Posted by Keith Elder | Posted in Presentations, Speaking | Posted on 22-03-2008

This past week I have been in Michigan.  My reason for traveling to Michigan this week is I spoke at the MSDN Launch event in Detroit and used the time while I was up to work onsite this week as well. This is the first chance I’ve had all week to sit down at the computer and just vegetate.  It is good to finally just sit down at the keyboard and not have Power Point or Visual Studio open worrying about demos and presentations.  Five presentations this week wore me out. 

Launch Event

Tuesday was the Launch Event in Detroit.  I couldn’t believe the number of people there.  I heard 2,000 people were in attendance but I’m not sure if that was the exact count.  Let’s just say the Renaissance Center downtown was packed.  A lot of my friends said they got free copies of Vista, SQL Server, Visual Studio etc.  Personally I didn’t get any swag because I basically spent all of my time in the speakers room working slides and demos.  During lunch, I did go to a discussion panel which turned into a free for all round table session.  Alexey and I were at a table with a bunch of nice guys from Kelly Services.  We got to talking about TDD, Unit Tests, Team Foundation Server, and on and on.  It turned into such a great discussion that everyone decided to skip the panel and just keep the train a rolling.
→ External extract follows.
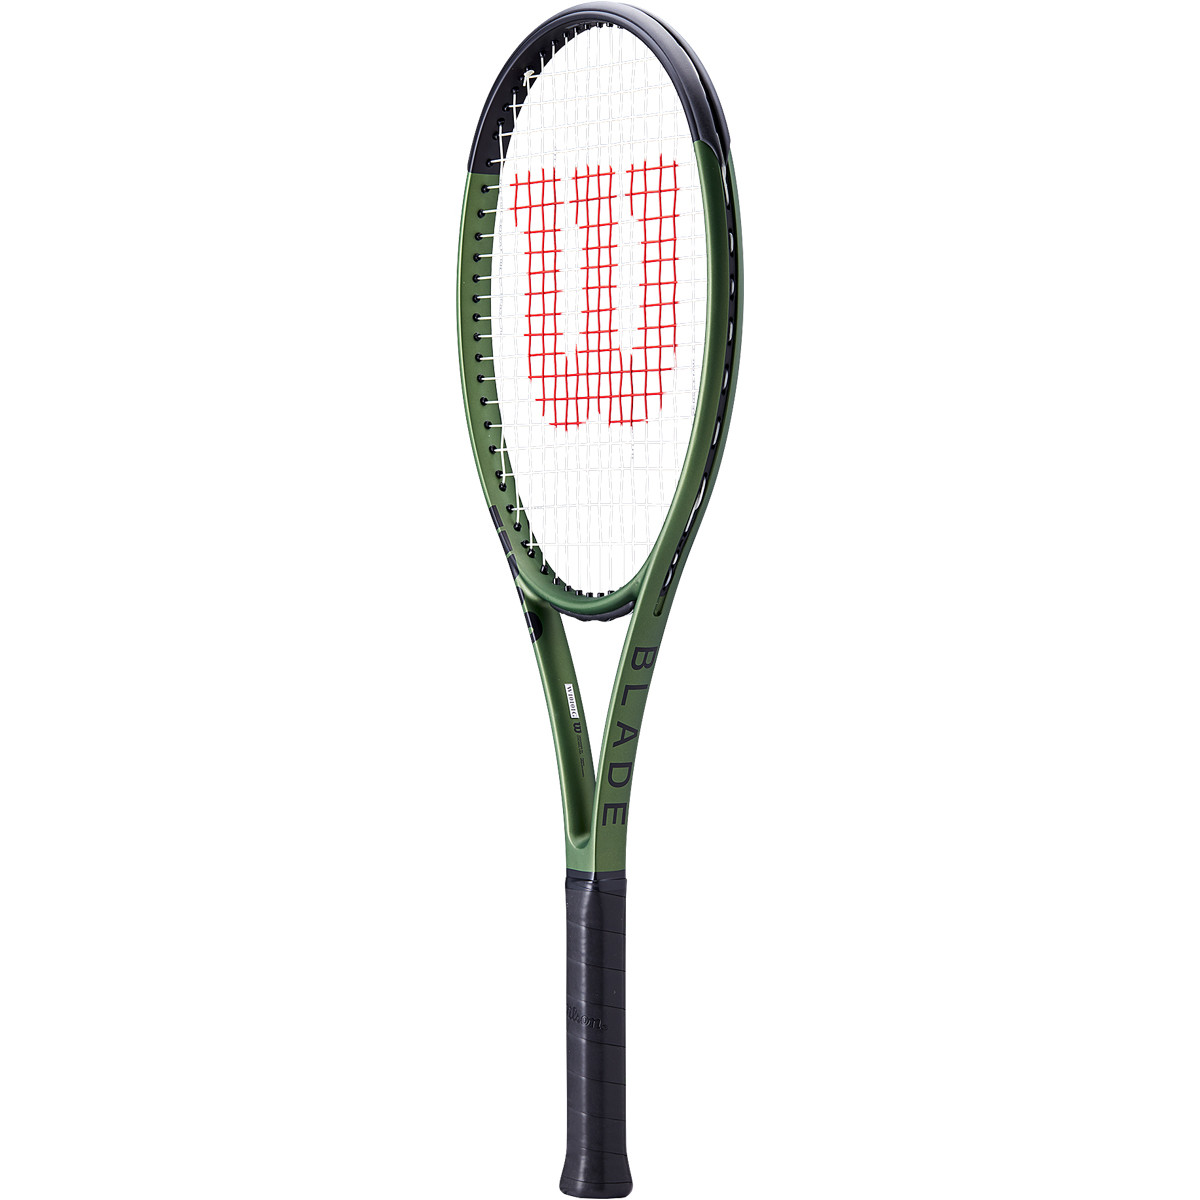 WILSON BLADE 101 L V8.0 RACQUET (274 GR) - WILSON - Adult Racquets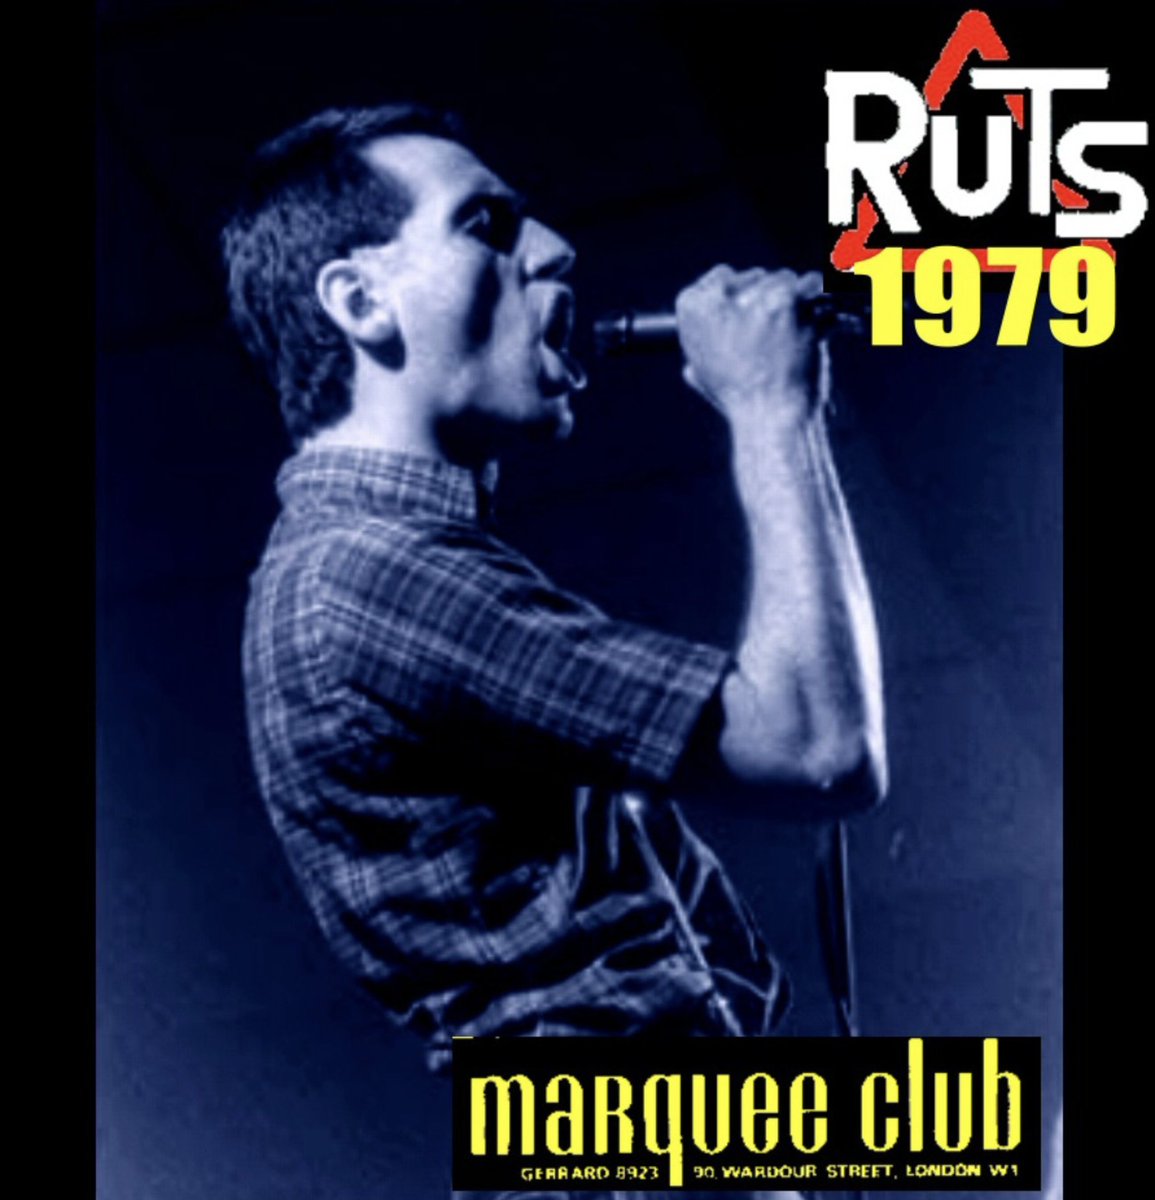 The Ruts - Marquee Club, London, 19th July 1979. bit.ly/3U0cFD9 #TheRuts @NewWaveAndPunk

I have no idea how much the event cost to put on but feeding that many people breakfast, lunch and providing them a cool lunch box to take home is already more than I could afford.  Attendees didn’t have to pay anything to attend the event, simply register.  There were tons of people from all over.  Michael Eaton and Dustin Campbell have blog posts that lists a lot of the people from the community that we all know. 

It Wasn’t My Fault, Let Me Explain

My session was the last session of the day.  There was one developer track session before lunch and then three after lunch.  The scheduling should have been tweaked to allow for breaks into between each one and I hope someone brings this up to the organizers so it can be addressed for other launches.  The first session after lunch started at 12:45 and was suppose to end at 1:45.  There was suppose to be a 15 minute break and then the next session started at 2:00.  The next session (mine) started at 3:00 with no break in between!  No breaks between sessions means the schedule gets thrown off.  Brian Prince and Jeff Blankenburg were covering Asp.Net during the session after lunch and theirs went pretty much to the 2:00 mark.  At about 2:10 Bill English started his session on the Office stack and he tried to get the schedule back on track.  He finished a few minutes after 3:00 but then questions poured in one after another so he didn’t end until 3:13.   I already had my laptop setup so I jumped up and started.  I looked down at my watch and it was 3:15.  Knowing we were running late I just tried to dive in and get the train running. 

After my session someone said, “man, your session was long”.  For the record my session was exactly an hour like it was suppose to be.  I had it timed perfectly and when I looked down at my watch it was 4:15 when I ended. 

From my perspective the talk went very well.  I tried to cover things from the real world perspective of “I am using these technologies right now you should be too”.  A few highlighted quotes from the talk were:

The New Hotness = WPF + Expression Blend

And

Workflow is so easy, even my Mom can do it!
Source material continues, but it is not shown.